您可以在以下位置找到一些相关的详细讨论：

PhantomJS web driver stays in memory

Selenium : How to stop geckodriver process impacting PC memory, without calling driver.quit()?

在下一次迭代中的这种情况下（由于for 循环），当调用browser.get() 时，没有活动连接。因此您会看到错误。

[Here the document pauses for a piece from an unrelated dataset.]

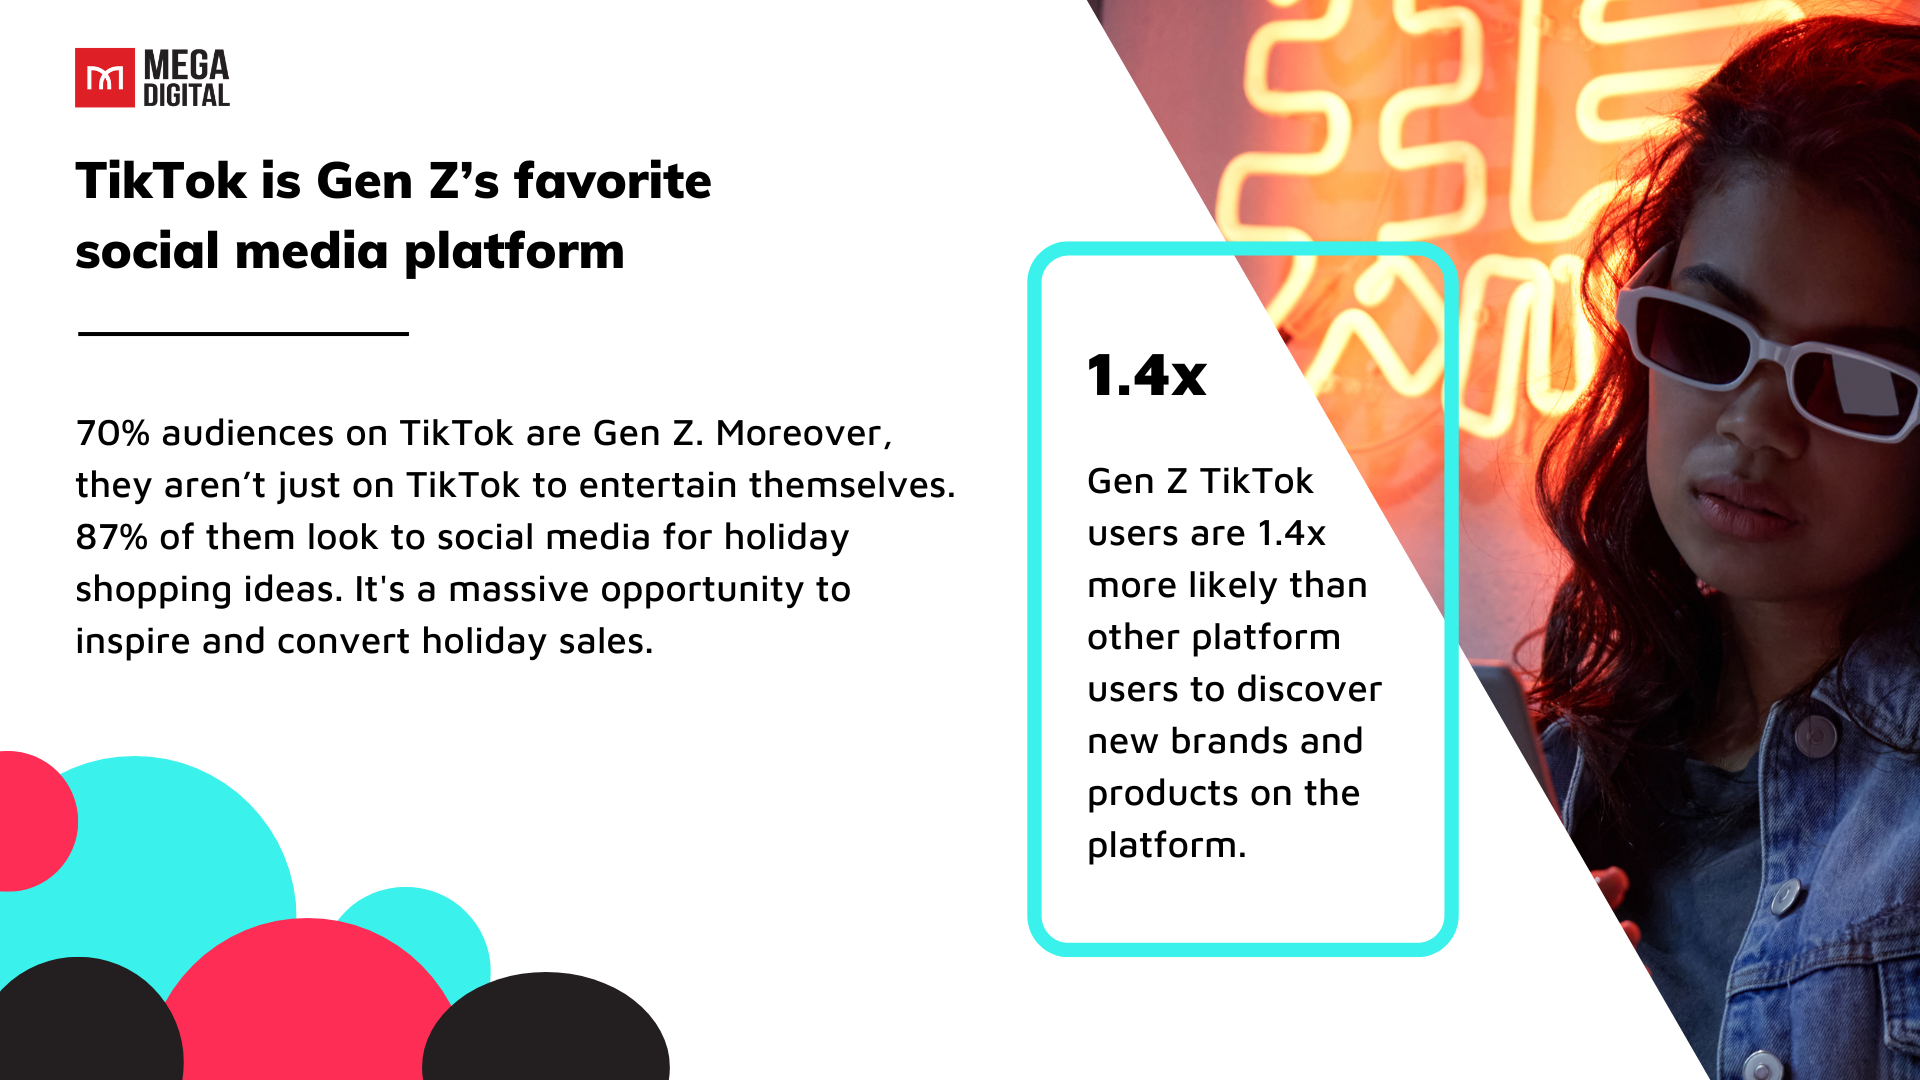 TikTok is Gen Z's favorite social media platform

因此，一个简单的解决方案是删除browser.quit() 行并在同一浏览上下文中调用browser.get(url)。

结论

升级到 Selenium 3.14.1 后，您将能够设置超时并查看规范 Tracebacks 并能够采取必要的措施。

参考文献

您可以在以下位置找到相关的详细讨论：

MaxRetryError: HTTPConnectionPool: Max retries exceeded (Caused by ProtocolError('Connection aborted.', error(111, 'Connection refused')))

tl;博士

几个相关的讨论：

【讨论】：

这有所帮助，但 chromedriver 进程正在影响内存。我应该使用os.system("taskkill /f /im chromedriver.exe /T") 吗？我在 Windows 机器上。
@SumitJaiswal 简而言之，是的，您需要这样做，但还有几个其他因素需要考虑。如果您遇到困难，请告诉我。
在for 循环中杀死 chromedriver 是个坏主意。所以我为os.system("taskkill /f /im chromedriver.exe /T") 做了一个kill() 函数。但是调用search() 然后kill() 然后search() 再次给出相同的错误。有没有办法在我打电话时重新启动 chromedriver search()
我想我通过将browser = webdriver.Chrome(executable_path="CHROME_DRIVER PATH", options=opts) 带入函数并在其末尾使用browser.quit() 解决了这两个问题。感谢您的帮助。
惊人的答案，老实说，我只是错过了我的功能中的“回报”。但是很努力，写的很好。喜欢读它。